Yurt Skandalı! İmamoğlu'nu Protesto Eden Öğrenciler Atıldı mı?
CHP Muğla Milletvekili Cumhur Uzun, gündeme bomba gibi düşen bir iddiayı ortaya attı. Uzun, Muğla'da Ekrem İmamoğlu'nun tutuklanmasını protesto eden beş öğrencinin, bu eyleme katılmaları gerekçesiyle kaldıkları yurttan atıldığını açıkladı. Bu durumun kabul edilemez olduğunu vurgulayan Uzun, Gençlik ve Spor Bakanı'na seslenerek, öğrencilerin mağduriyetinin giderilmesini talep etti.
Öğrencilerin Anayasal Hakkı Engellendi mi?
Cumhur Uzun, TBMM Genel Kurulu'nda yaptığı konuşmada, öğrencilerin anayasal haklarını kullanarak protestoya katıldıklarını ve bu nedenle cezalandırılmalarının hukuksuz olduğunu belirtti. Uzun, "İstanbul Büyükşehir Belediye Başkanımız ve Cumhurbaşkanı Adayımız sayın Ekrem İmamoğlu’nun siyasi bir darbe ve hukuken dayanaksız iddialar ile tutuklanması sonrasında başta İstanbul Saraçhane olmak üzere yurdun dört bir yanında vatandaşlarımız bu durumu protesto etmişlerdir.
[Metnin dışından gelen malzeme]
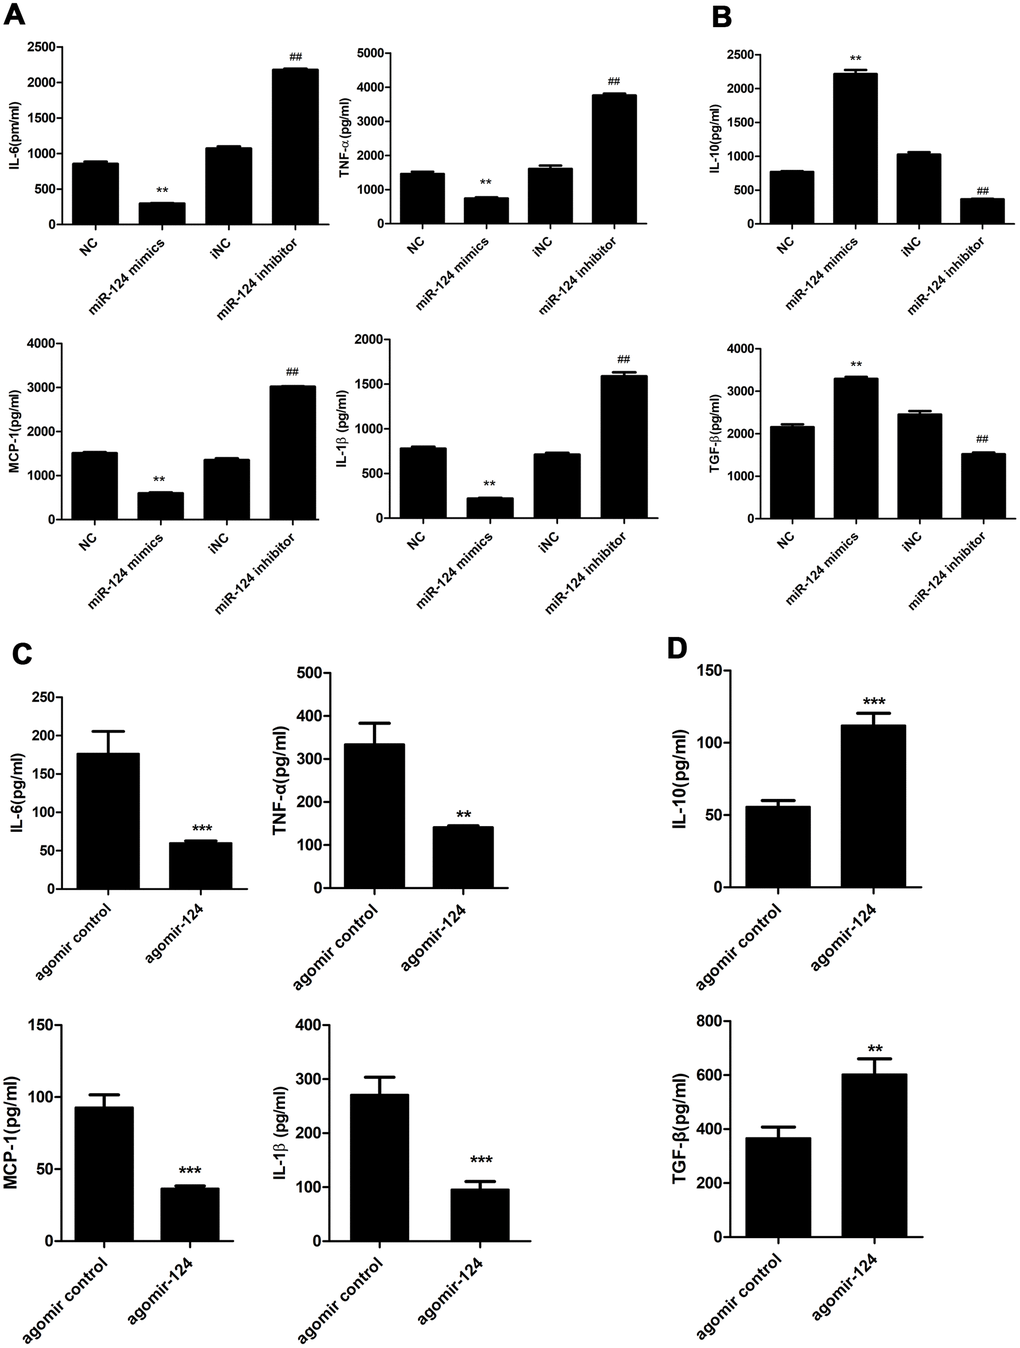 Effects of miR-124 on pro-inflammatory cytokines and anti-inflammatory cytokines in vitro and in vivo. (A) ELISA assay analysis of the protein levels of pro-inflammatory cytokines in RAW264.7 macrophage cells. (B) ELISA assay analysis of the protein levels of anti-inflammatory cytokines in RAW264.7 macrophage cells. RAW264.7 cells were transfected with the miR-124 mimics, inhibitor or negative control, then treated with ox-LDL. (C) ELISA analysis of the protein levels of pro-inflammatory cytokines in blood serum of atherosclerosis model mice treated with agomir control or agomir-124. (D) ELISA analysis of the protein levels of anti-inflammatory cytokines. NC, negative control; iNC, negative control of miR-124 inhibitor. **, P P P

Bu protestoların adreslerinden biri de memleketim Muğla olmuştur. Anayasal hakkını kullanarak bu eylemlere katılan Muğla Sıtkı Koçman Üniversitesi öğrencisi 5 gencimiz, barındıkları yurtlardan aranarak; kendi istekleri ile yurtlardan ayrılmaları, ayrılmazlarsa yurtlara bir daha alınmayacakları ve burslarının kesileceği söylenmiş, sonrasında yurtlarla ilişikleri kesilerek adeta sokağa atılmışlardır," ifadelerini kullandı.
Bakanlığa Çağrı: Öğrenciler Emanettir!
Uzun, Gençlik ve Spor Bakanı'na seslenerek, öğrencilerin mağduriyetinin giderilmesi için acil পদক্ষেপler atılmasını istedi. "Buradan Gençlik ve Spor Bakanına sesleniyorum. O öğrenciler 1 milyon Muğlalıya emanettir. Ama en başta devletimize emanettir. Bir an önce bu yanlıştan dönülmeli, gençlerimiz yeniden yurtlarına yerleştirilmeli ve bu kanunsuz talimatı verenler hakkında işlem yapılmalıdır," dedi. Bu sözler, öğrencilerin durumunun ciddiyetini ve konunun takipçisi olacaklarını gösteriyor.
Öğrenciler Ne Yapacak?
Yurttan atılan öğrencilerin geleceği belirsizliğini koruyor. Bu durum, öğrencilerin eğitim hayatlarını olumsuz etkileyebilir ve maddi zorluklara yol açabilir. Öğrencilerin bu mağduriyetinin giderilmesi için kamuoyunun ve yetkililerin duyarlılık göstermesi büyük önem taşıyor.
Bu olay, Türkiye'de ifade özgürlüğü ve öğrenci hakları konularında yeniden tartışmaları alevlendirdi. Öğrencilerin anayasal haklarını kullanmalarının engellenmesi ve bu nedenle cezalandırılmaları, demokratik bir toplumda kabul edilemez bir durum olarak değerlendiriliyor. Umarız yetkililer bu konuda hassasiyet gösterir ve öğrencilerin mağduriyetini giderir.